Hyloxalus pulcherrimus
- Conservation status: Data Deficient (IUCN 3.1)

Scientific classification
- Kingdom: Animalia
- Phylum: Chordata
- Class: Amphibia
- Order: Anura
- Family: Dendrobatidae
- Genus: Hyloxalus
- Species: H. pulcherrimus
- Binomial name: Hyloxalus pulcherrimus (Duellman, 2004)

= Hyloxalus pulcherrimus =

- Genus: Hyloxalus
- Species: pulcherrimus
- Authority: (Duellman, 2004)
- Conservation status: DD

Species of amphibian

Hyloxalus pulcherrimus is a moderately large species of poison dart frog endemic to Peru. It is only known to be found in two streams near Cutervo.

==Description==

The adult male frog can measure as much as 28.2 mm in snout-vent length and the adult female frog 29.7 mm. It has climbing disks on the toes of all four feet. The skin of the dorsum and head is gray-green in color with some copper-brown marks. The flanks are black with some blue-white marks. There are stripes on the sides of the body. These stripes are light brown in color near the head and blue-white nearer the vent. The throat and belly are cream-white in color. The ventral surfaces of the legs and feet are white with brown marks. The upper lip is pink-brown in color with some white. The male frog's testes are white in color.

==Habitat==

This frog is diurnal. Scientists know this frog from its type locality, 2620 meters above sea level in the Cordillera Occidental.
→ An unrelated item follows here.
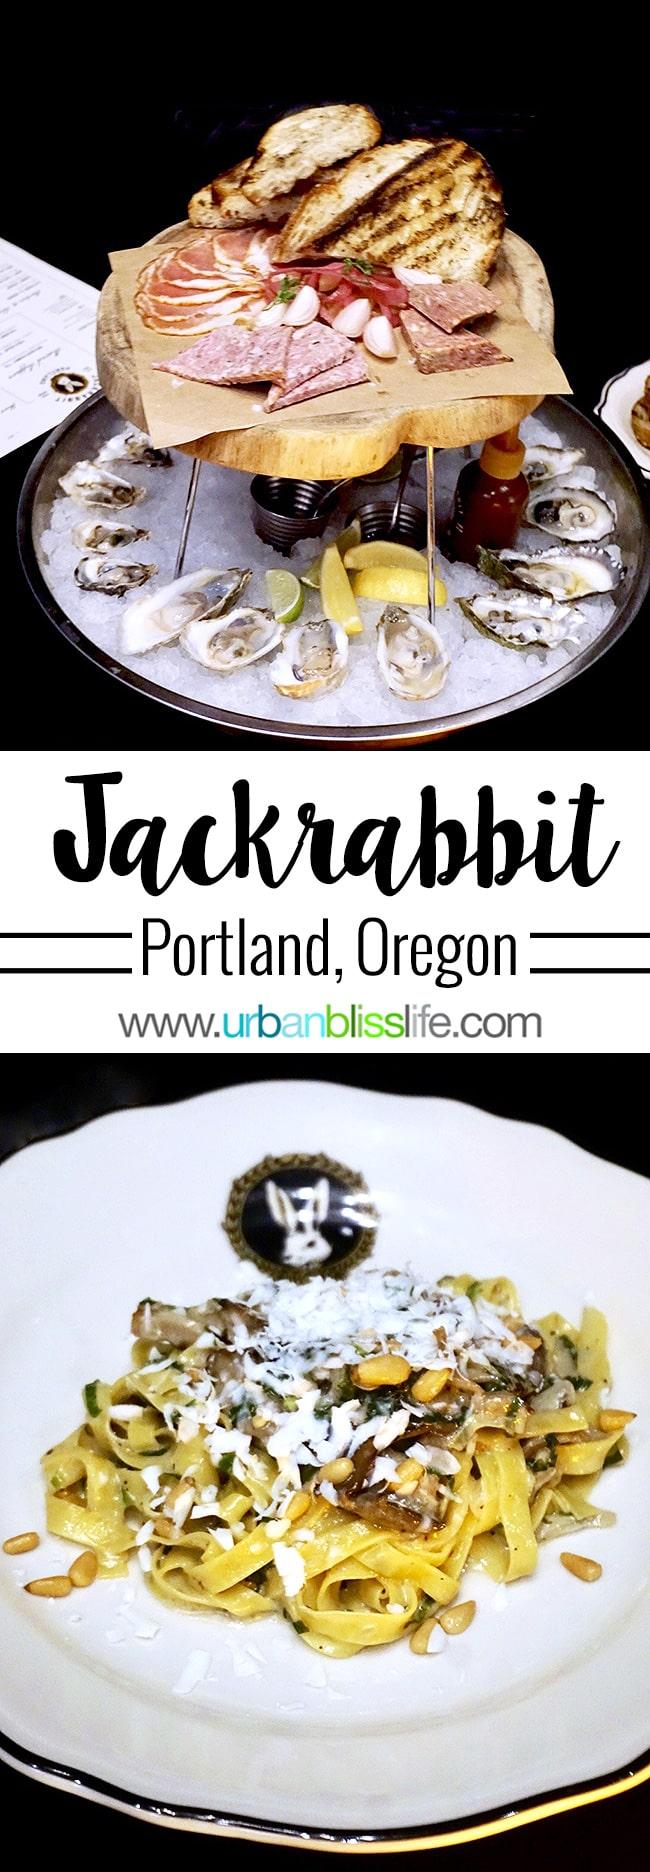 Jackrabbit restaurant charcuterie and bread

They saw it in streams that were near or on farms.

Scientists believe this frog might live in Cutervo National Park but they have not directly observed it there.

==Reproduction==
Scientists infer that the female frog lays her eggs on the ground and that, after the eggs hatch, the adult frogs carry the tadpoles to water. They have not observed Hyloxalus pulcherrimus lay eggs or carry tadpoles, but they have observed other frogs in Hyloxalus do this.

==Threats==
The IUCN classifies this frog as data deficient. Scientists believe this frog may be in some danger of dying out because of habitat loss associated with fires set to prepare the land for agriculture and from the diversion of water for irrigation. Pollution can also hurt this frog. Because scientists have seen the frogs next to roads, they think it may have some tolerance to habitat disturbance.

The fungal disease chytridiomycosis could have killed many of these frogs. Climate change could also pose a threat by changing the streams where the frog lives and breeds.

==Original description==
- Duellman, W. E. (2004). "Frogs of the Genus Colostethus (Anura; Dendrobatidae) in the Andes of Northern Peru."